Based on the criteria of having less than 30% of missing data and MAF more than 5% in the whole population, 572,690 SNPs were selected for GWAS from the 700K SNP dataset in the Open Rice GWAS Platform (McCouch et al., 2016). GWAS of PC was conducted using the whole and the colored population, and phenotypes were generated using different phenotyping methods, respectively. According to the LD decay analysis, the LD distance of the population used in this study is about 80 kb (Supplementary Figure 1). Thus, a QTL was declared when there are two or more significant SNPs (Zhao et al., 2018; Yang et al., 2021) (p < 0.0001) within a 160-kb region centered on the most significant SNP.

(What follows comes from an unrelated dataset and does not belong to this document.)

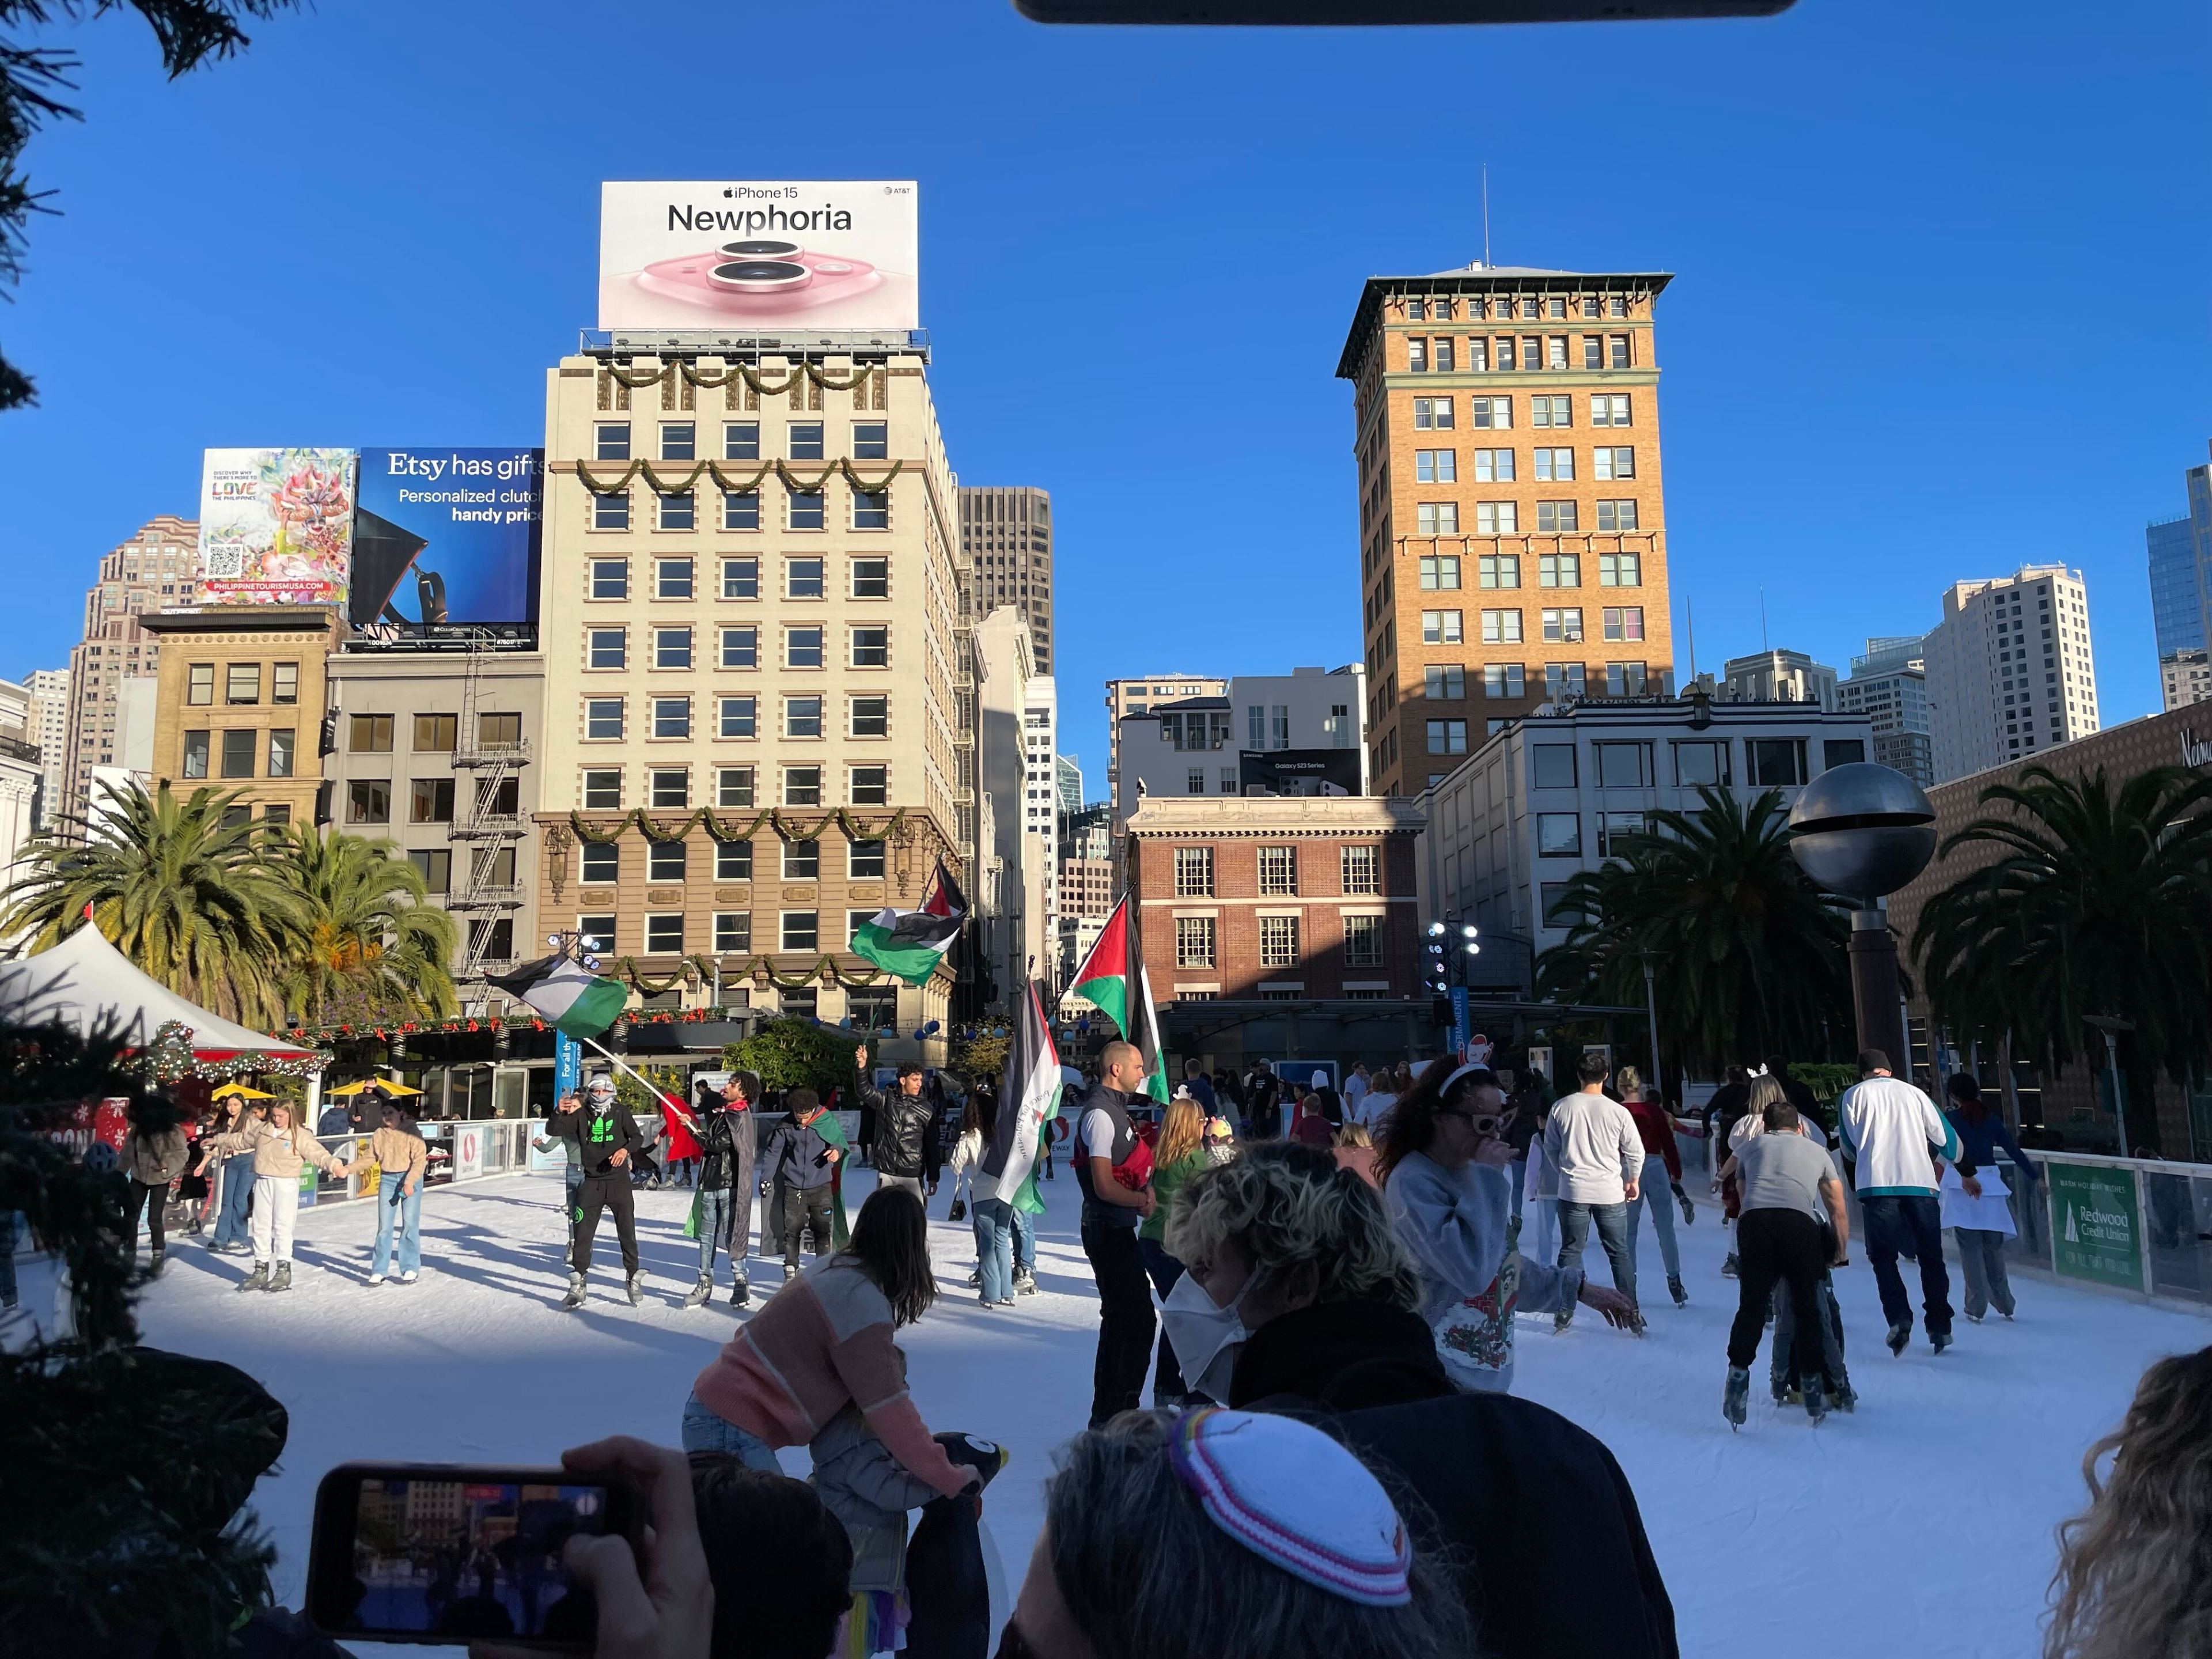 An outdoor ice rink bustling with skaters, surrounded by palm trees, with tall buildings and ads overhead.

In the whole population consisting of white and colored rice, a total of 11 QTLs were identified in two environments (2016GZ and 2018YJ) using two phenotyping methods: the presence and absence of pigmentation in the pericarp (PA method) and DPC method. Among these QTLs, nine QTLs (qPC-1, qPC-3, qPC-6, qPC-7, qPC-8a, qPC-8b, qPC-8c, qPC-9, and qPC-11) located on chromosomes 1, 3, 6, 7, 8, 9, and 11 were identified using the PA method, and all of them were identical in two locations over 2 years (2016GZ and 2018YJ) (Figure 2A and Table 1), while 10 QTLs were identified using the DPC method, in which qPC-2 and qPC-8d were only detected using the DPC method in 2016GZ and 2018YJ, respectively, and other eight QTLs (qPC-1, qPC-6, qPC-7, qPC-8a, qPC-8b, qPC-8c, qPC-9, and qPC-11) were detected in both environments (2016GZ and 2018YJ) (Figure 2B and Table 1). Notably, these eight QTLs were also identified using the PA method, and qPC-7, which overlapped with the major gene Rc, had the largest contribution to the phenotypic variations in the whole population.

FIGURE 2

Figure 2. Genome-wide association study for PC. (A,B) Manhattan plots of GWAS in 12 chromosomes and QQ plots of p-values conducted in the whole population using the PA and DPC phenotyping method, respectively. PA method, pericarp color were evaluated based on presence or absence of pigmentation; DPC method, pericarp color were evaluated based on the degree of pericarp color (DPC) using the visual card with scores of 1–7. (C) Manhattan plots of GWAS in 12 chromosomes and QQ plot of p-value conducted in the colored population.

TABLE 1

Table 1. QTLs for pericarp color identified in this study.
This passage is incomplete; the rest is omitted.